The fact that high tea was the main meal in many a home distinguished the GSTHT from its English cousin. Anna, Duchess of Bedford in Victorian times, claimed she suffered from a 'sinking feeling' in the late afternoon and started the habit of snacking on tea, sandwiches and cakes at that hour.

If you can find a hotel serving high tea then it is generally better value than the later and more elaborate 'dinner' ('dinner' simply means the main meal of the day). Now, I do not claim that a GSTHT is top of the healthy eating options. Any self-respecting high tea starts with tea served in a silver-plated pot, long past its best and with an ill-fitting lid and with a spout that proves impossible to pour from without spilling copious amounts on the tablecloth (a table cloth is de-rigour for high tea). Tea and water are obligatory throughout the meal as is a constant supply of toast and butter.

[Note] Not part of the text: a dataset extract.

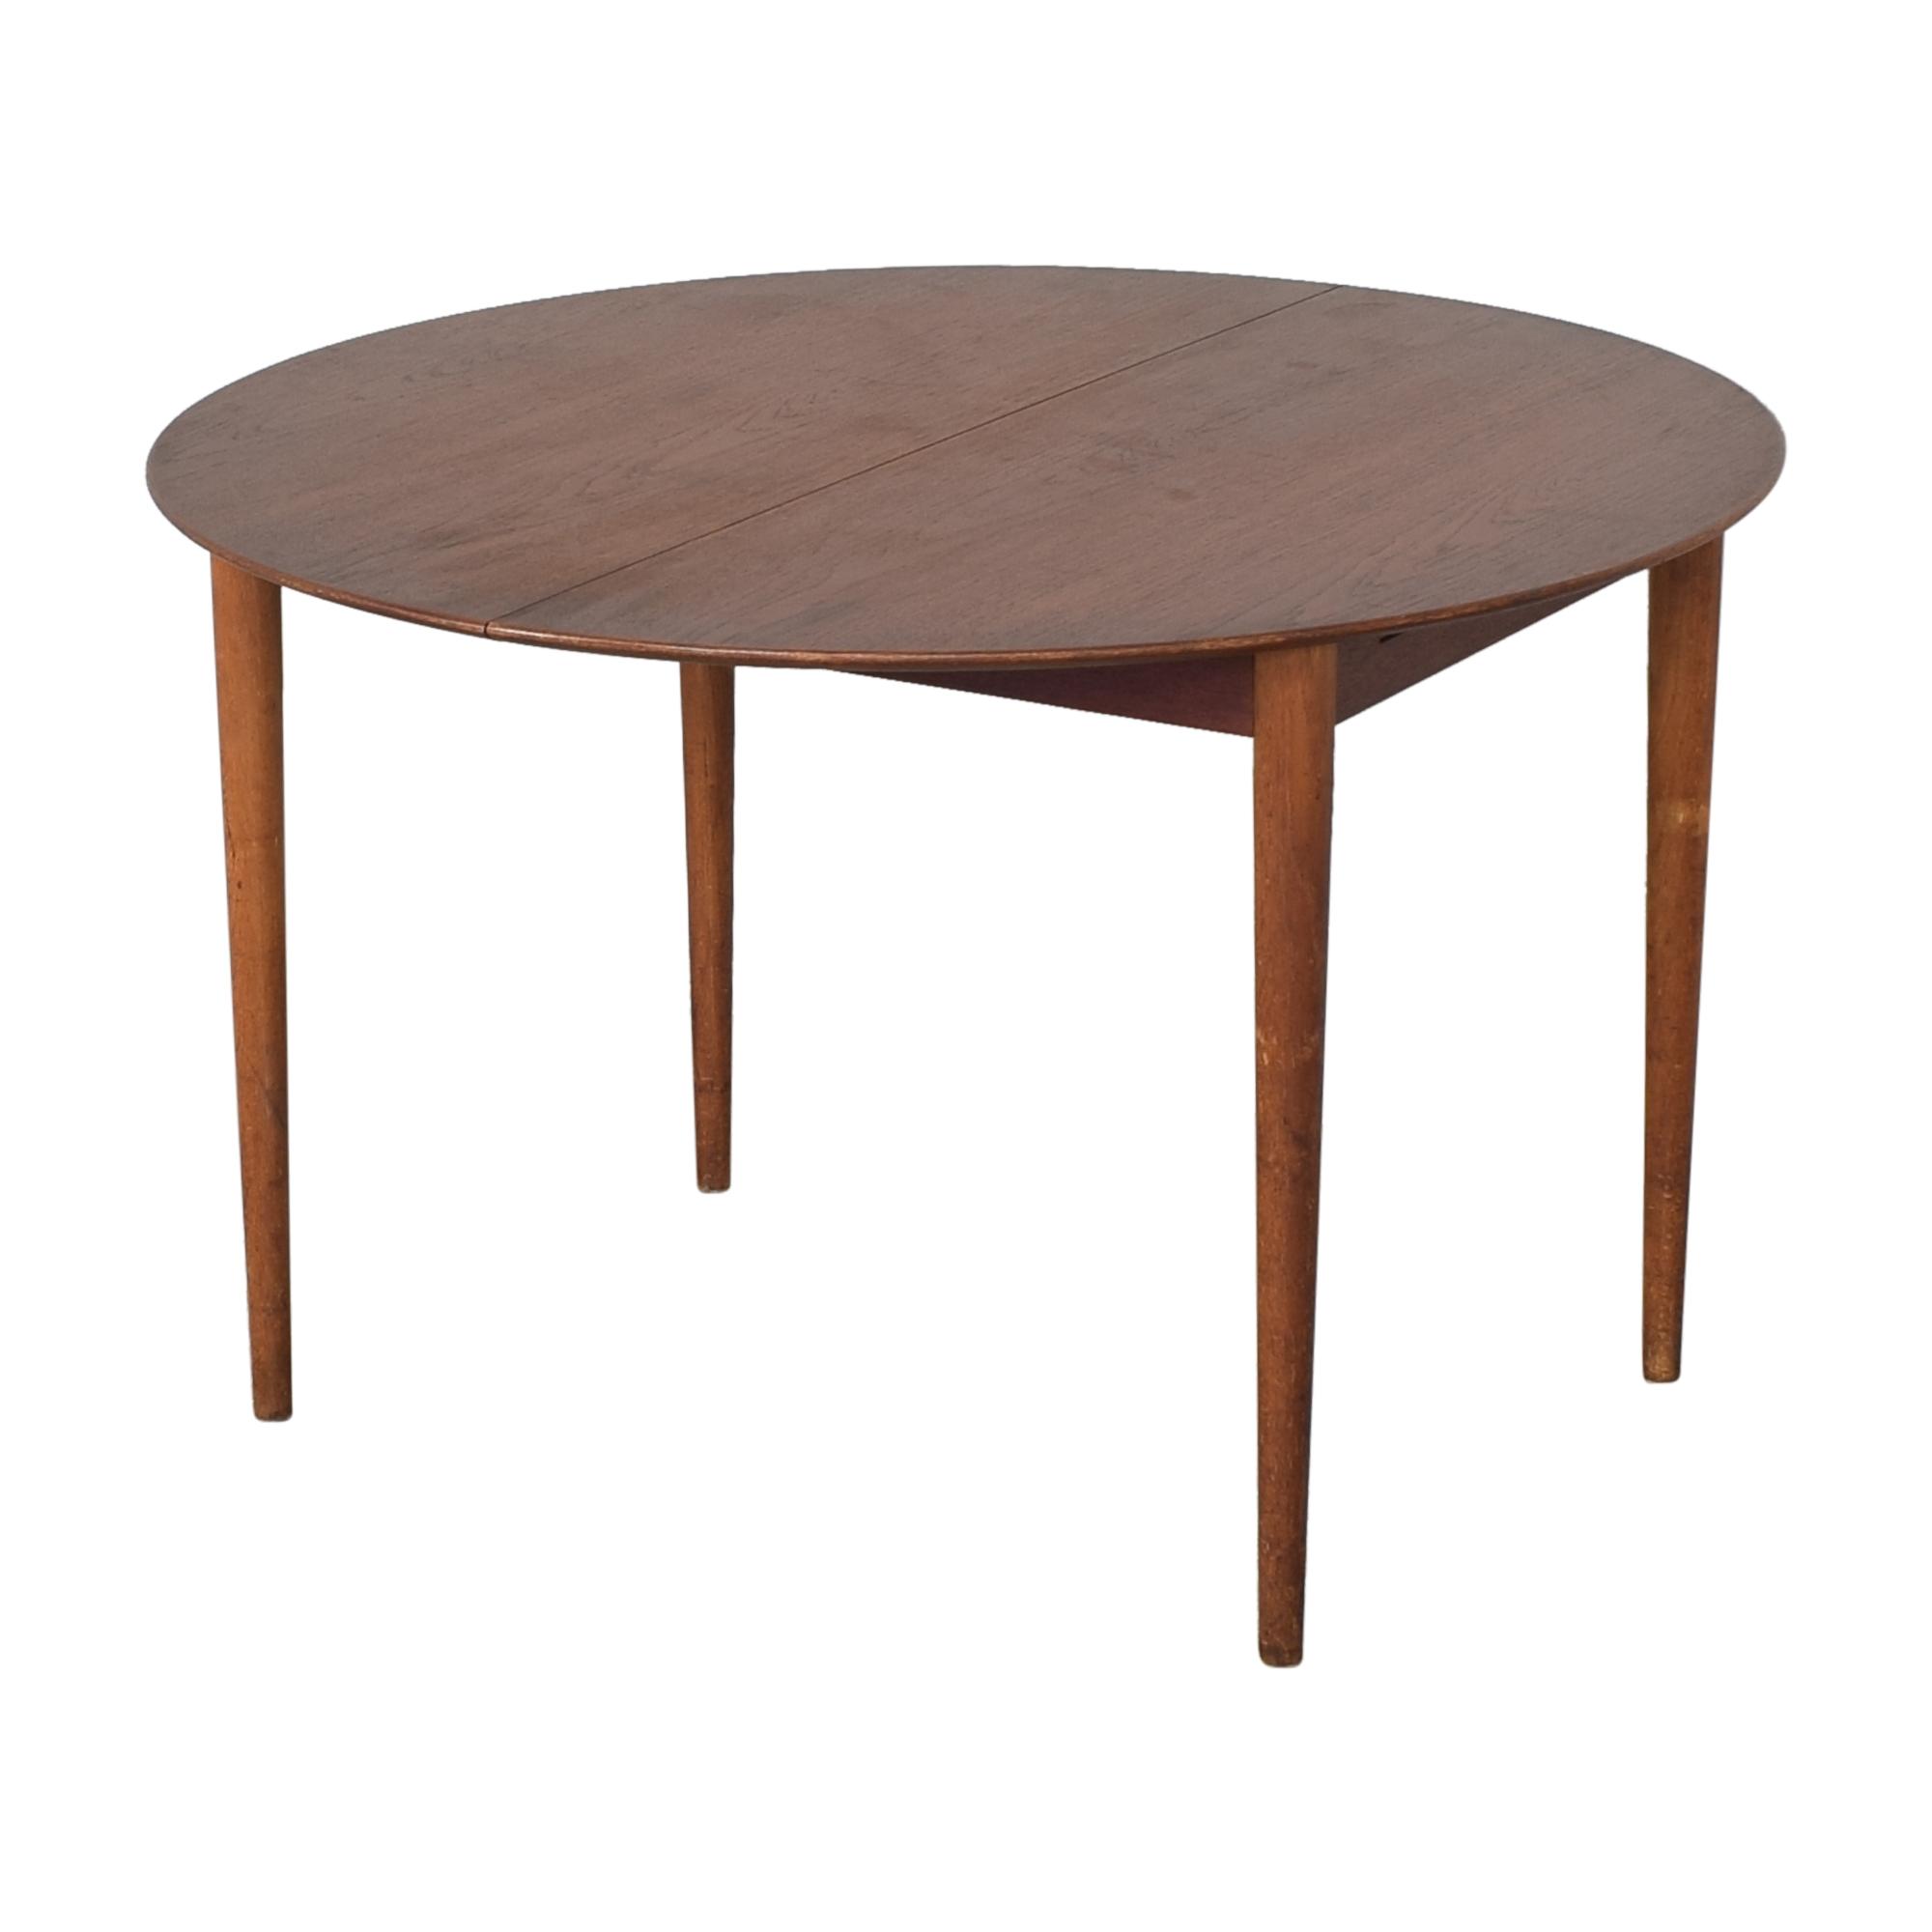 Søborg Møbelfabrik Soborg Mobelfabrik Mid Century Danish Extendable Dining Table  nj

The main dish – ideally sausage, bacon, egg with a steak thrown in (but haddock or mutton pies are also acceptable) − must be served with a large tureen of chips (never French fries). Ideally, the plates must be large and chipped and the knives must prove only equal to spreading the butter on the hot toast but to be too blunt for anything else. The trifle must be served in a huge, communal bowl to ensure the maximum number of table splashes; cake and scones must follow.

But the essence of all that is that plenty of enjoyable food is available. Now, a meal served like that is not an art or a science: it is simply good hospitality.